25 Jul 2013

Shareholders' Association welcomes FMA civil action

9:06 am on 25 July 2013

The New Zealand Shareholders' Association is welcoming the Financial Markets Authority's decision to take the first civil action for market manipulation under the Securities Markets Act.

The Financial Markets Authority (FMA) has filed six claims against Brian Henry, one of the founders of Diligent Board Member Services.

It alleges certain orders and trades he made in 2010 breached the market manipulation provisions of the Securities Markets Act. Mr Henry, who left Diligent in March 2009, faces a maximum fine of $1 million for each contravention.

Shareholders' Association chairman John Hawkins says the legal action is another indication the FMA is steadily moving to eliminate undesirable activities from financial markets.

He says prior to the advent of the FMA many retail investors felt regulators were not given any teeth. "Now the FMA through various actions over the last couple of years, and the recently announced one, have shown that we do in fact have teeth and that there's nowhere for people who are perceived to have engaged in inappropriate behaviour to go and hide."

The FMA won't say why it chose to take civil action rather than a criminal prosecution, other than to say it made its decision taking into account the details of the case and its enforcement policy.

The penalties for a criminal conviction include a prison term of up to five years and a fine of up to $300,000 for an individual.

A barrister who specialises in corporate and securities law, Jenny Cooper, says there are a number of considerations which might have led to the FMA choosing a civil action.

She says criminal liability for market manipulation requires proof of actual knowledge by the alleged offender that the statement or conduct is false or misleading, whereas for civil liability it's enough if the person ought reasonably to know it's false or misleading.

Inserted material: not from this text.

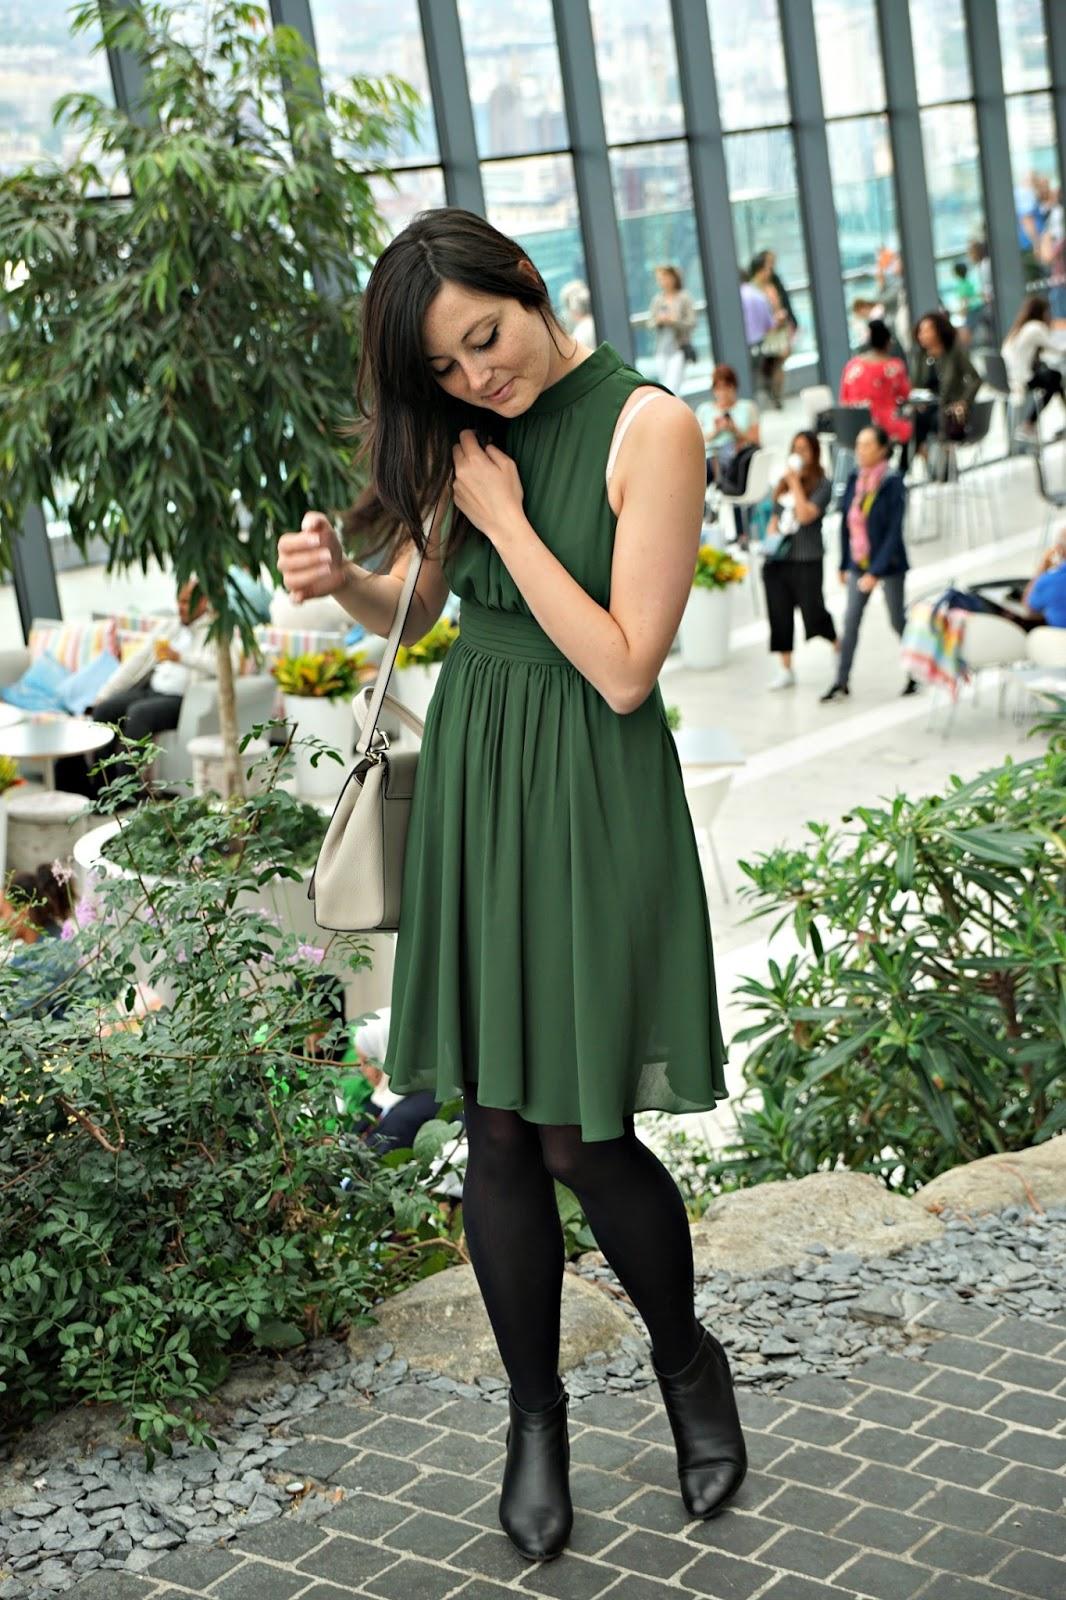 My Green Dress from Zara

Ms Cooper says the claim is easier to prove in civil action, because it's about probabilities rather than requiring proof beyond reasonable doubt.

In civil action, she says, there is a wider range of remedies available. "For a start there's a civil pecuniary penalty option where the maximum penalty is actually higher than the maximum criminal fine and in addition the court can make compensatory orders in civil proceedings to compensate anyone who's lost money as a result of the offending."

Brian Henry was New Zealand's shortest-lived listed company chief executive, resigning 24 hours after the company's shares began trading in December 2007.

That was because he failed to reveal in Diligent's prospectus that he had been bankrupted over the collapse of Energycorp in the wake of the 1987 stock market crash.

Mr Henry says the Securities Commission, which has now been replaced by the Financial Markets Authority, decided to take no action. He says the trading had a minimal effect on the market, with the net effect of the trades being just $1500.

Mr Henry, who now lives in New York, says he will respond vigourously to the legal action.